Doreen Lioy And Richard Ramirez
For a little over a year, Richard Ramirez terrorized California — from Los Angeles to San Francisco. Murdering at least 14 people in 1984 and 1985, Ramirez was better known as the “Night Stalker.”
Unlike other serial killers who have a “type,” Ramirez was willing to kill just about anyone who crossed his path. He murdered both men and women, some in their 20s and others who were in their 60s or older. Aside from killing people, he also raped multiple women and burglarized several homes.
As his nickname implied, his crimes typically happened at night — after he broke into people’s homes without warning. Eerily, many of his crimes also involved a Satanic ritual of some kind — as Ramirez was a Satanist.
He was finally caught at a convenience store in August 1985, after a group of police officers noted that he looked exactly like the suspect plastered across the newspapers. Ramirez was quickly put behind bars — but some women wanted to be closer to him than ever.
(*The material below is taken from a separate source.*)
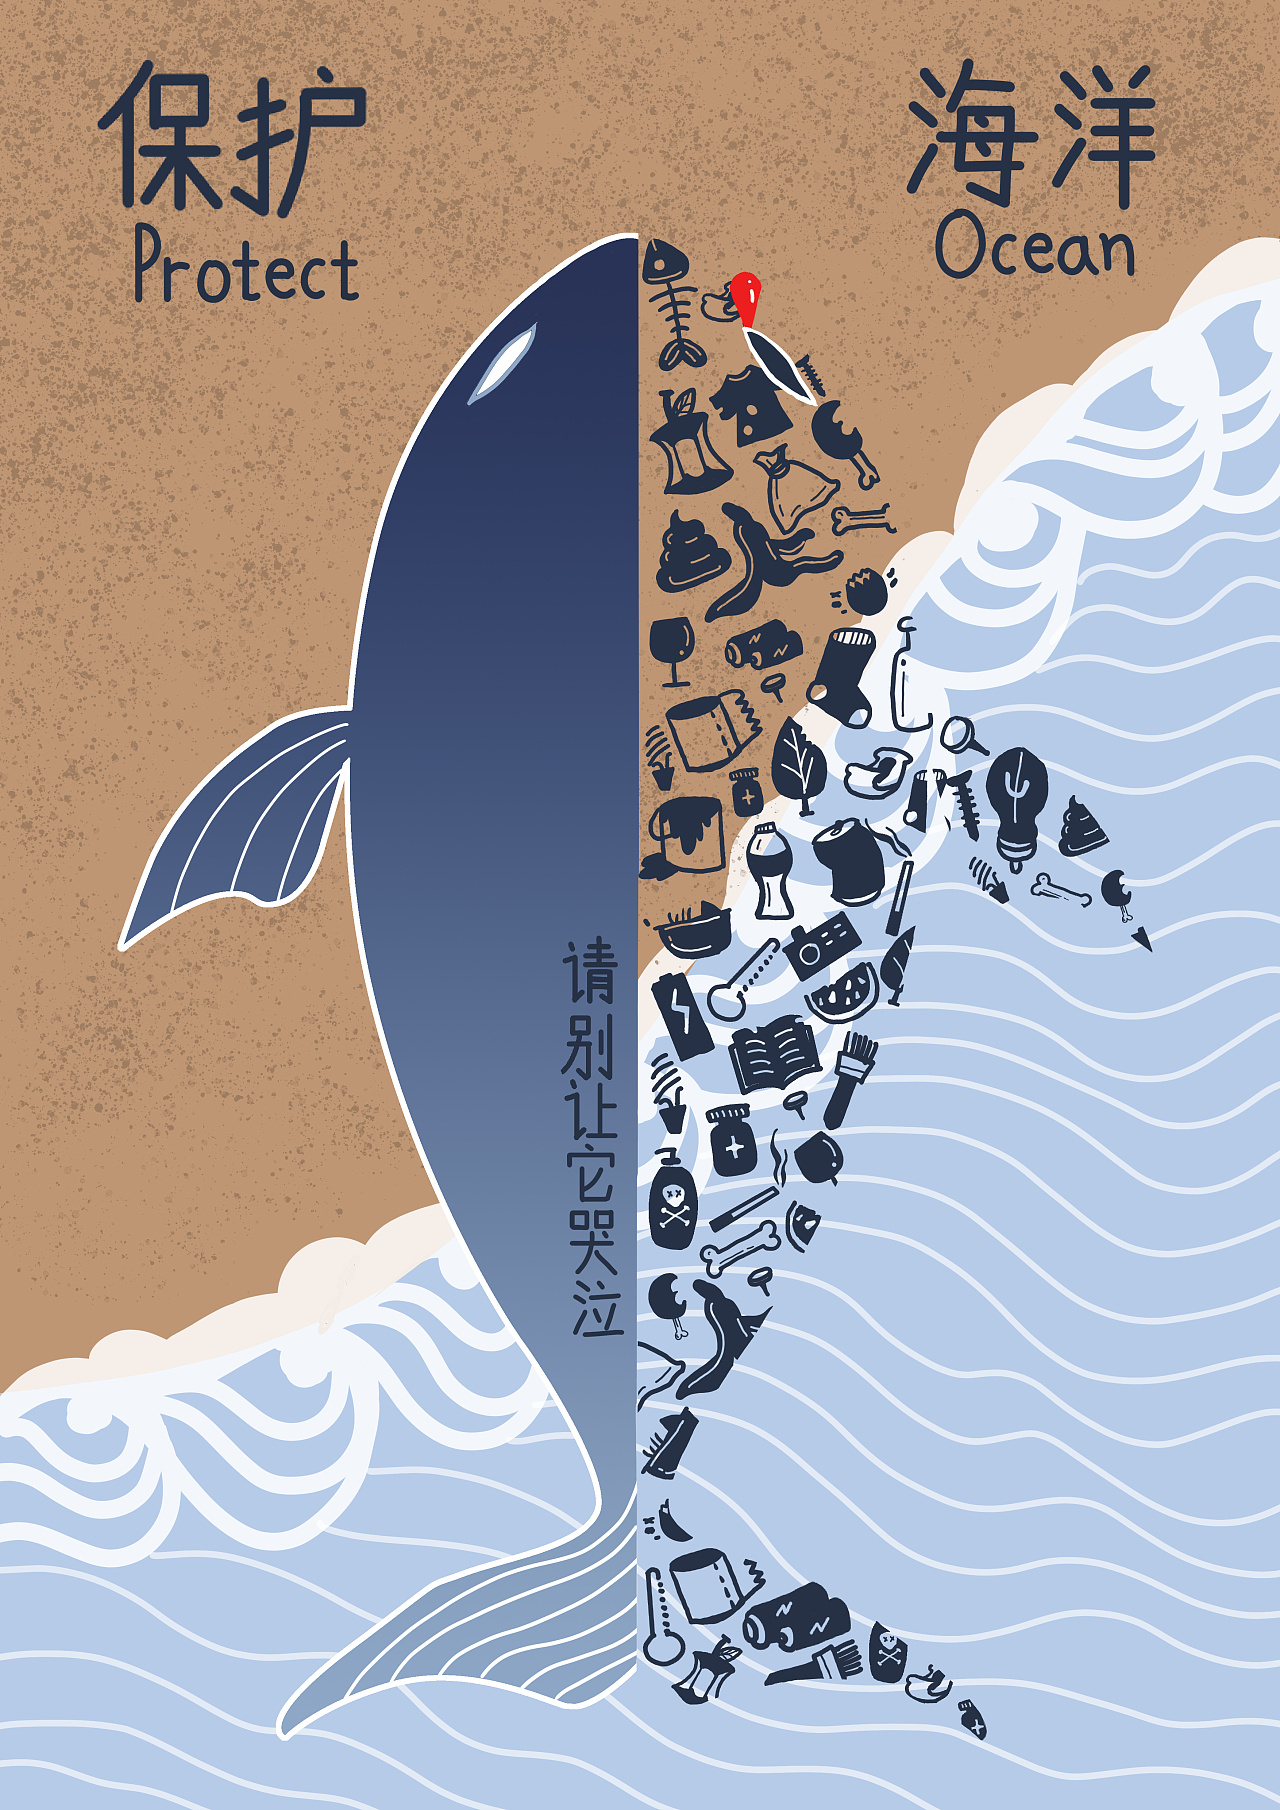 保护海洋公益海报

As a single man on Death Row, Ramirez received countless love letters. But one magazine editor named Doreen Lioy stood out — for her persistence. Over the course of 11 years, she sent him 75 letters in prison. She always believed he was innocent, despite his conviction and the grisly evidence of his crimes. In 1996, the two lovebirds got married.
It was yet another bizarre chapter in Ramirez’s life. Abused by his father as a child, Ramirez had grown up quick — with drugs and violence encompassing his early years. While it’s hard to say what makes a serial killer, some believe that Ramirez’s tough childhood may have contributed to his psyche. However, the reason behind Lioy’s attraction to him is less clear.
Despite Ramirez’s widely publicized crimes, Lioy couldn’t resist the man. Or perhaps, it was specifically because of his gruesome history of violence that she couldn’t stay away — in another potential case of hybristophilia.
“He’s kind, he’s funny, he’s charming,” she said. “I think he’s really a great person. He’s my best friend. He’s my buddy.”
While the happy couple had accomplished what they set out to do, Lioy’s family was apparently less than thrilled. She claimed that her family had disowned her and later said that being married to a Death Row inmate was a “lonely lifestyle.”
Ultimately, Ramirez died of complications from B-cell lymphoma in 2013. Shortly thereafter, the Los Angeles Times recounted reporter Christopher Goffard’s impression of the couple. Goffard had coincidentally spotted them while conducting an unrelated interview at San Quentin Prison.
Goffard described Lioy as a journalist who had first encountered Ramirez on TV and immediately saw him as attractive — and “vulnerable.” He also reported that the couple met four times a week and that Ramirez’s wife was often the first visitor in line.
For Goffard and many others, these cases are so confounding that not even direct questioning leads to any real answers. When asked about her relationship, Lioy would often roll her eyes and say, “Hometown girl makes bad.” But other times, she admitted that she understood why most people thought her relationship was bizarre.
“I know it is,” she said. “It’d be hard for me to understand if my best friend came to me and said, ‘You know, this guy Timothy McVeigh, who just got convicted? I really think he’s cute and I’m gonna write to him.’ I mean, I would think that’s kind of strange.”
Ultimately, it seemed as though their long-distance relationship didn’t end well. Although the news of Ramirez’s death didn’t include any mention of a divorce, Lioy and her husband reportedly did not see each other for a few years before he died.